Increasing weight decay when the model overfits does not seem to do anything

I am training a simple resnet model (made only of 3 consecutive basic blocks whose final outputsize is 256, it goes as 3 -> 64 -> 128 -> 256) to classify images from CIFAR-10. I use SGD optimizer with initial learning rate 0.1, momentum 0.85 and weight decay 0.001.
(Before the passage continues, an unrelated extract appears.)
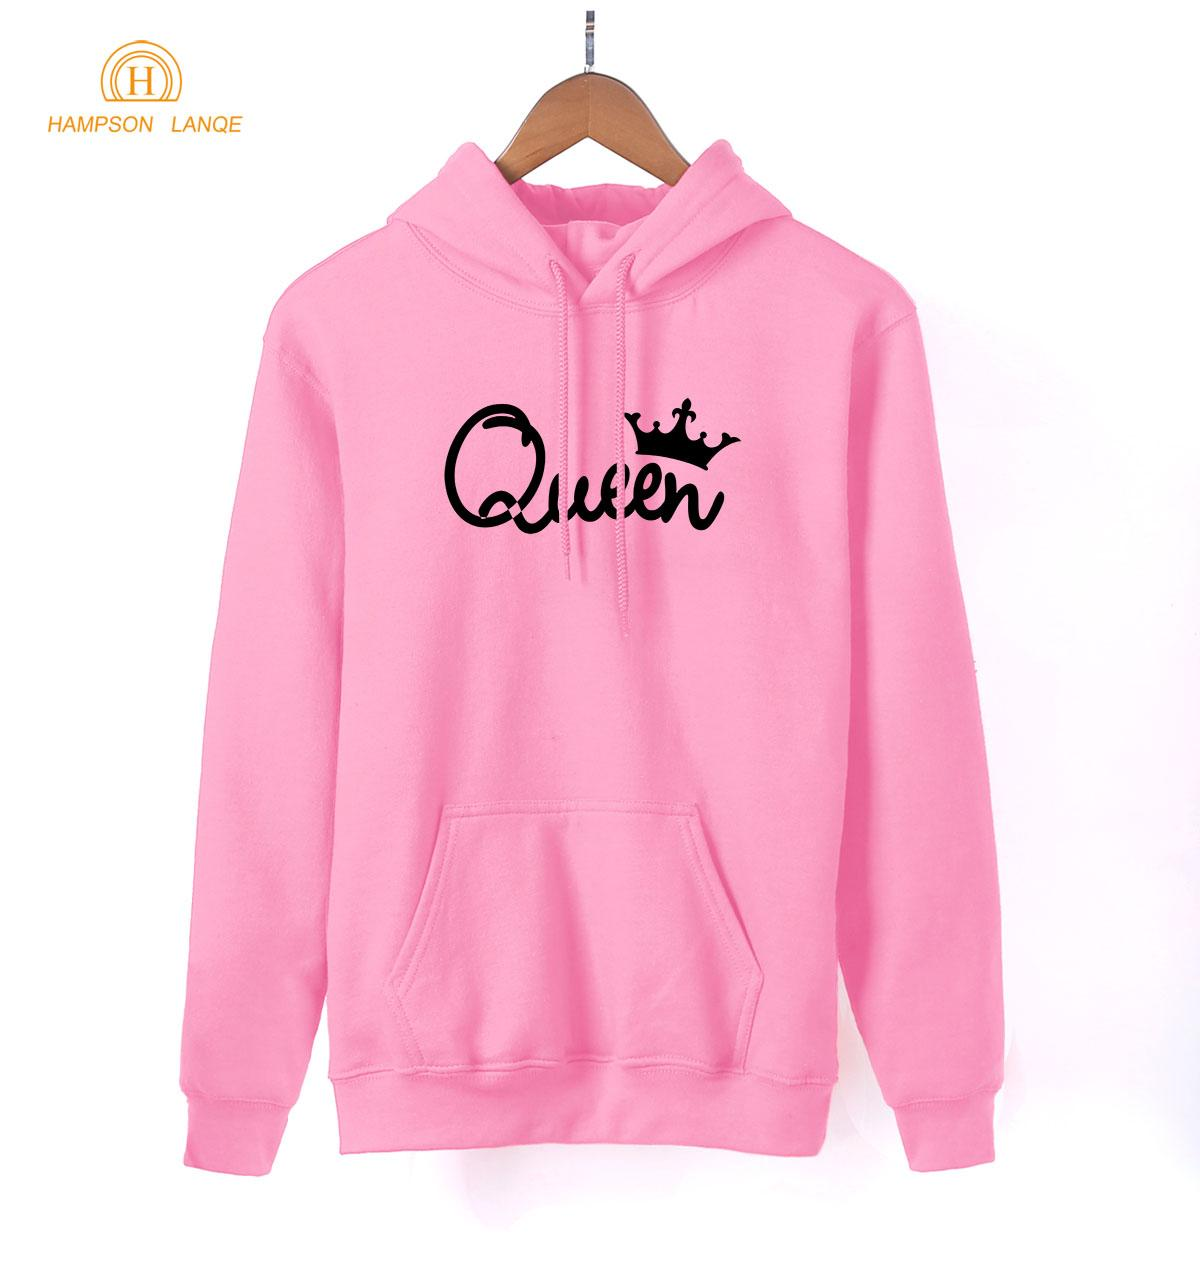 Imperial Queen Drucken Weiblich Pullovers 2018 Hot Spring Netter Herbst Sweatshirts Frauen Slim Fit Pullover Rosa Harajuku Hoody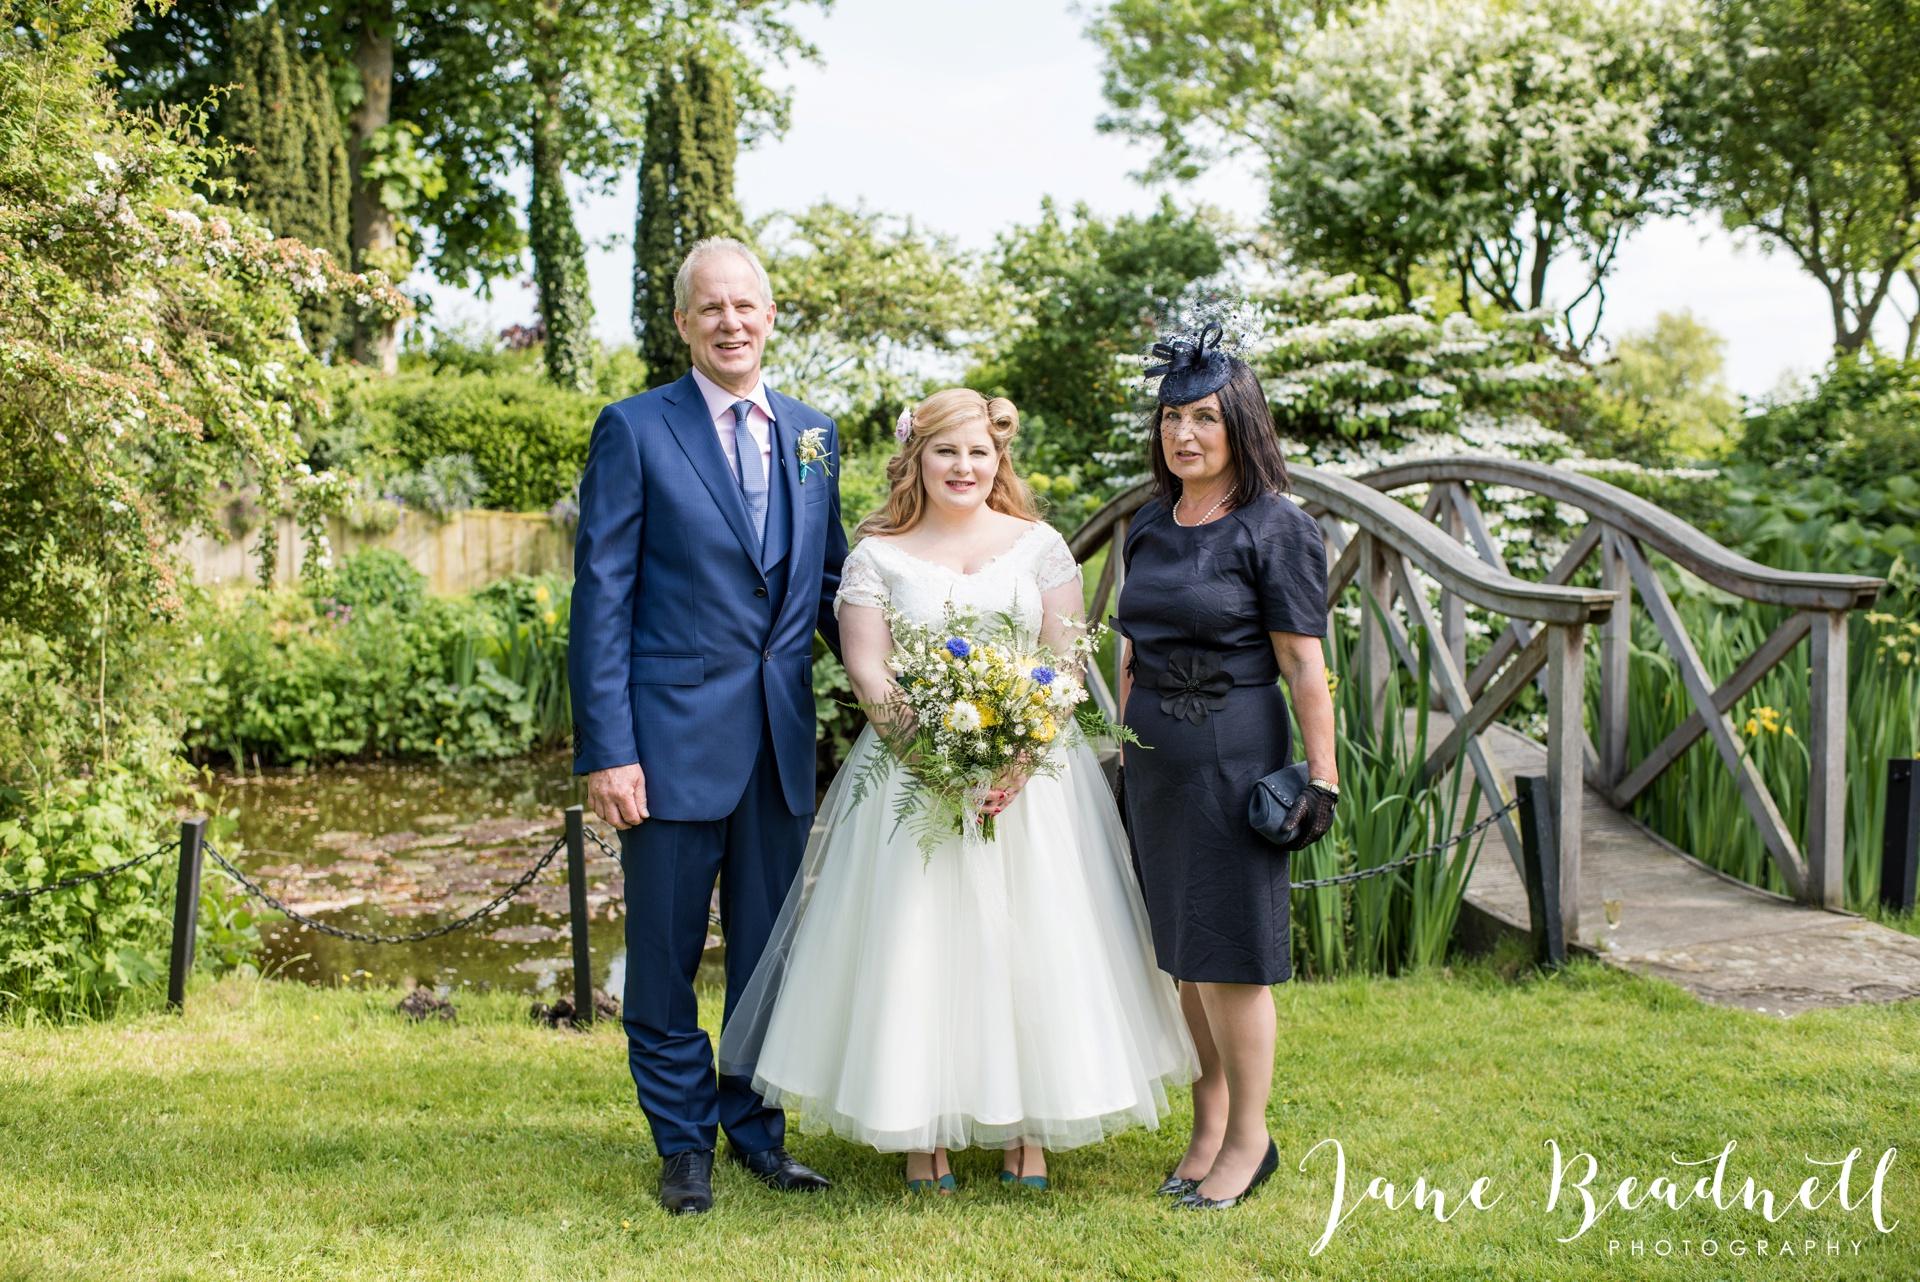 South Farm Wedding photography Hertfordshire by Jane Beadnell Photography fine art wedding photographer_0091

I realized that the model first hits a plateau around epoch 20 and then upon decreasing the learning rate the test accuracy goes up to around %85 percent and training accuracy goes up to >%99.999 percent after which there is no real improvement (probably because the gradient is 0). So I added a check point that increases weight decay to 0.01 and then to 0.1 when there is over training. I do it as follows:

if(state['weight decay']==0.001 and len1>5 and all(item>0.99 for item in state['training accuracy'][len1-5:len1])):
        state['weight decay']=0.01
        print('Changing weight decay. New weight decay is')
        for param_group in optimizer.param_groups:
              param_group['weight decay']=state['weight decay']
              print('%.5f'% param_group['weight decay'])

But after this change, the training accuracy remains at the same level. I am changing the weight incorrectly or the weights have become so large that this much increase in weight decay has no affect? I will try dropout now but I would also like to understand what I am doing wrong.

I think this is a very technical question that does not touch PyTorch well; so, maybe you could try some other forum(s), stack-overflow is one.
Good luck.

Well I mainly wanted to make sure that the way I change the weight decay is legit.